The next big shift in IT's cycle will come strapped to our wrists.
We are already migrating into a landscape of people who are empowered with information-gathering and reporting devices. These portable devices, in order to be truly effective, require interaction with the cloud or the Internet. But today, these devices rely heavily on tethering, a trend that will not last given our insatiable demand for mobility and flexibility. Users, from top executives to students, will increasingly insist upon WiFi connectivity.
The vision of the future, as drawn by Chester Gould, included wearable tech not far beyond our current technological reach. Yes, we have the components necessary to make a Dick Tracy watch. For connoisseurs of the 1940’s comic strip, this is an exciting prospect.
DIck Tracy Calling
Chester Gould set the bar high when he drew Dick Tracy and his high-tech wristwatch.
Police Detective Dick Tracy, as drawn in the popular comic, sported a highly functional tool -- his watch. This device, which looked very similar to any other watch, featured capabilities far beyond the technology of the day, including videoconferencing, big-data search, and navigational guidance. In fact, it had components that exist, in larger form factors, in today's tech world.
Rumors that Apple will be releasing a device akin to the Dick Tracy Watch are surfacing across the web, although Apple has not confirmed these stories.
Apple stores stock bands for its popular Nano iPod, which many users sport similarly to a wristwatch. Fossil released the Abacus AU5005, a wrist PDA running Palm OS, but it never gained any market traction. First released in 2004, it's possible Fossil could rerelease Abacus with the recent advent of BlackBerry 10. (See: BlackBerry 10 Faces Enterprise, BYOD Hurdles.)
Almost three years ago, another big tech player cited the comic strip in a widely reported blog post. Carl Taussig, director of IS at HP Labs in Palo Alto, referred to a watch in development in a one-line description: “We call it a Dick Tracy Watch." Since he posted this in May 2010, the HP product cannot be far off.

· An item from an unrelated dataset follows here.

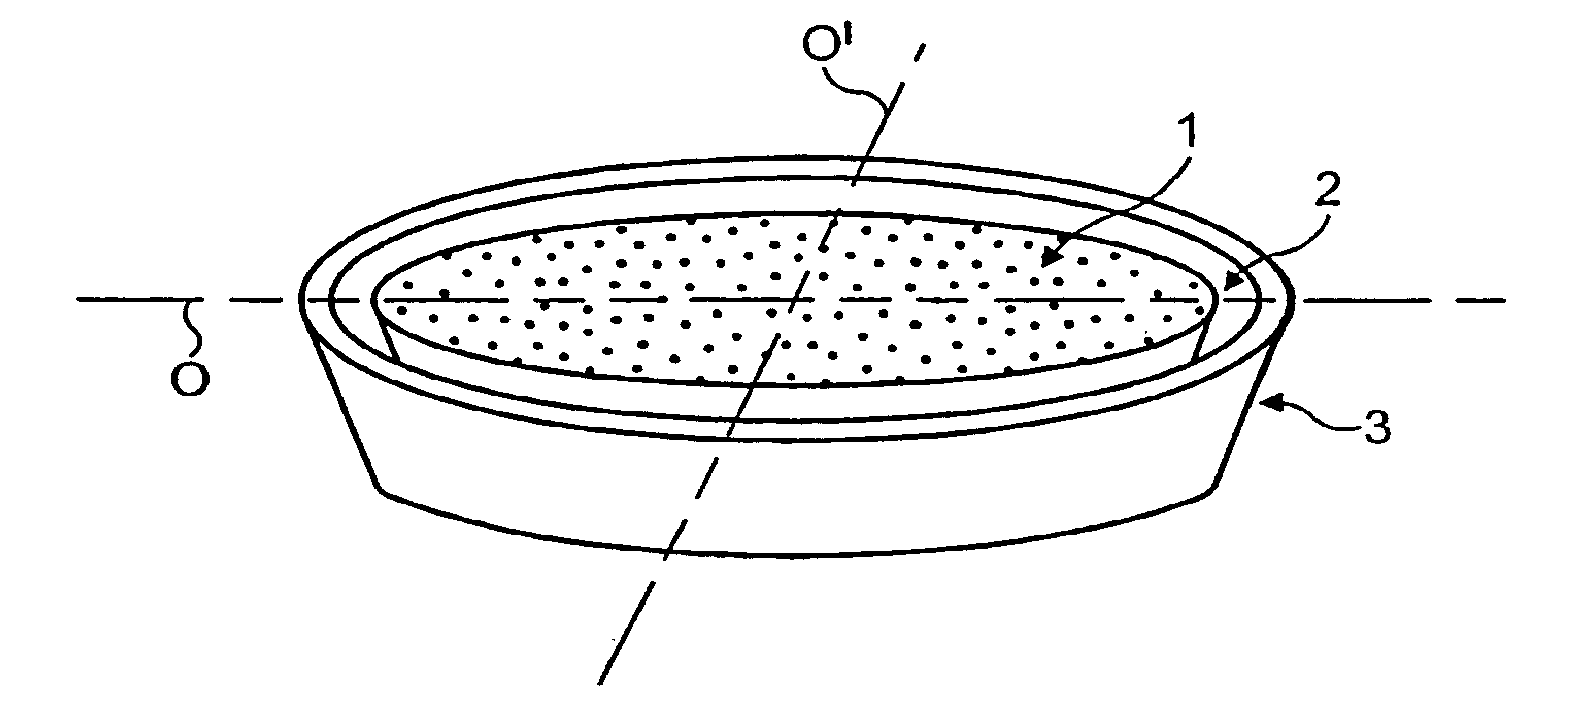 Uniform microwave heating of food in a container

There are smart wristwatch options out there, if you want one sooner than later. For example, Pebble Watch expects to ship its customizable, wearable tech, which lists for $150, next quarter (it's taking pre-orders now). Born from a KickStarter campaign, this small manufacturer didn't wait for the big boys to get to market, and tried to carve its own niche early.
Handy, Dandy Device
People can customize Pebble's watch face, apps, and other features, according to the developer.
Sony, which is a big company, has the SmartWatch, which lets wearers access text messages, emails, and status updates, as well as apps on Google Play.
One reason these intelligent, connected wristwatches will succeed is our evolving connectivity.
MediaTek, an off-brand smartphone manufacturer, is mounting a plan to release a no contract, $100-range smartphone. In fact, I've seen some reports that the smartphone market will settle into a $50, no-contract price.
Smartphones and other mobile devices built on an operating system with advanced connectivity options are becoming the norm, not the exception. Phones that look for WiFi, rather than defaulting to 3G/4G connectivity, are storming the market. As the saturation percentage increases, and as devices ship at a lower price point, business environments of all sizes will be challenged with wireless informal device support, also known as BYOD.
Corporate offices, traditionally protected by a hard firewall-based network edge, are being forced to recognize this micro army of devices. Incorporating the ad hoc user via tethered Bluetooth device or 802.x enabled WiFi is IT's reality. As I wrote recently, there are tools out there used solely to compromise networks via WiFi radio, tools that are accessible and free.
Understanding the impact of these devices in relation to governance, security, and accessibility requires a current look at adoptable and available technology.
Too often, when I broach this topic with clients, they greet me with understanding nods and placating statements. They get that "this is the future." Acknowledging that the future is here is rare. A real threat exists, not tomorrow, but today.
In nature, a tsunami builds far off the coast, spurred by an underwater shift in the landscape, far below the visible surface. On the horizon, you can't see any real change. Only after the massive wave has had time to build and gain momentum does the destructive force strike a coastline. Plummeting hardware costs, market innovators, user demand, and established standards constitute the digital plate shift -- and these events have already happened in our industry.
The tsunami of BYOD, in the form of inexpensive wearable tech, is about to hit the coastline of IT. Can your department swim?
— Michael Starnes is CEO of Orlando-based Starnes Consulting.